We have a window of opportunity in the U.S. as our cases are going down steeply after the holidays and as we finally are rolling out our mass vaccination plans. We have a window of opportunity to reduce viral transmission before the new variants spread or new variants arise locally. We are going to need to keep paying close attention to personal protection, to ventilation, to effective masking, to reducing public gatherings and doing all the public safety measures we have been doing until we can bring transmission down to manageable levels at which public health officials and local authorities will be able to keep track — test, trace, isolate people who are contagious and support them through it despite new variants arising. We will need to learn from mistakes of months past, and we need to use our vaccines because they are still effective.
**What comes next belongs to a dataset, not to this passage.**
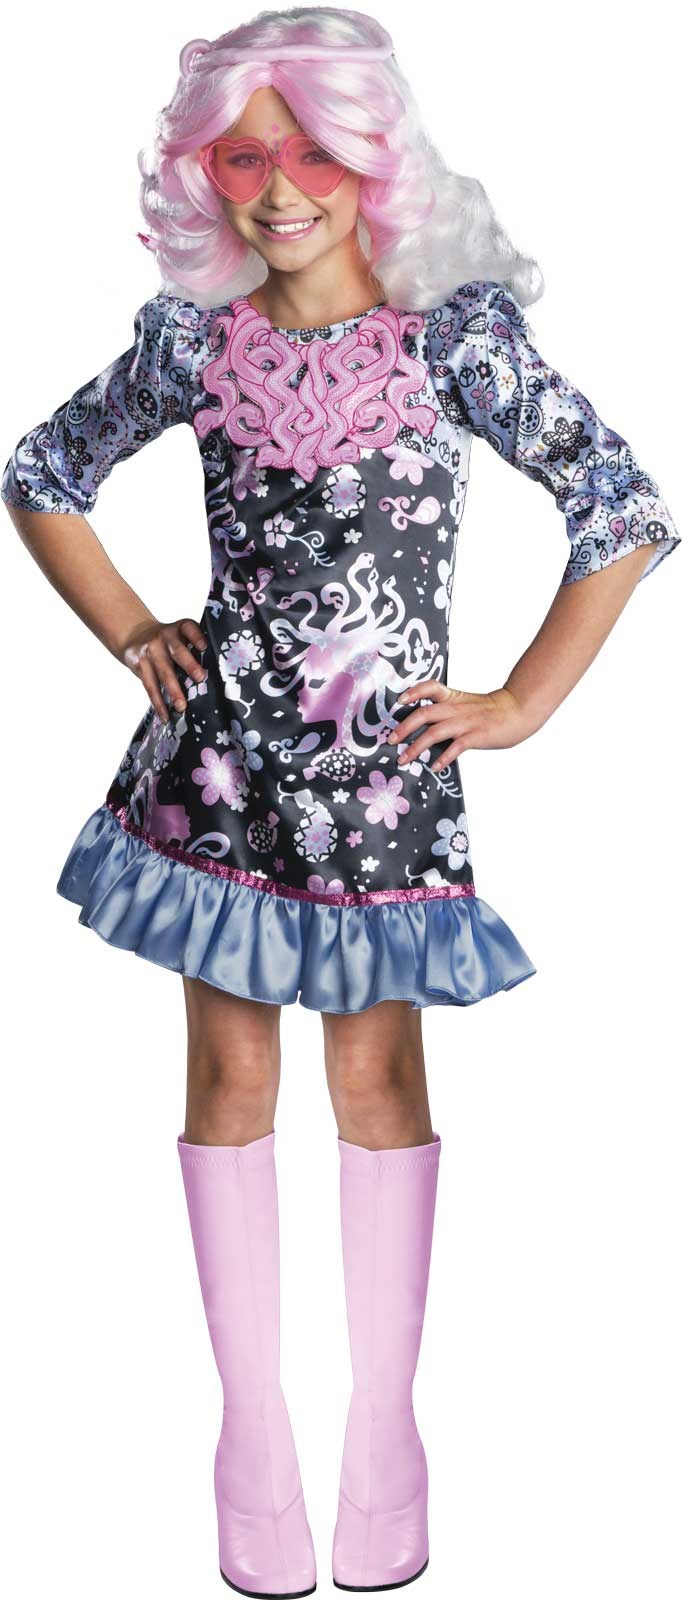 Monster High Halloween Costumes For Kids

Now, if we think about that three-dimensional response and interaction between antibodies and the spike protein, individuals will vary in which side of the spike they will create the antibodies for, what exact part of the virus their immune system blocks. So mutations in one part of the spike may or may not change how an individual’s immune system reacts to it. We need a lot of study on it, and we need to be aware of the variants that have the ability to escape antibody from prior infection and immunization.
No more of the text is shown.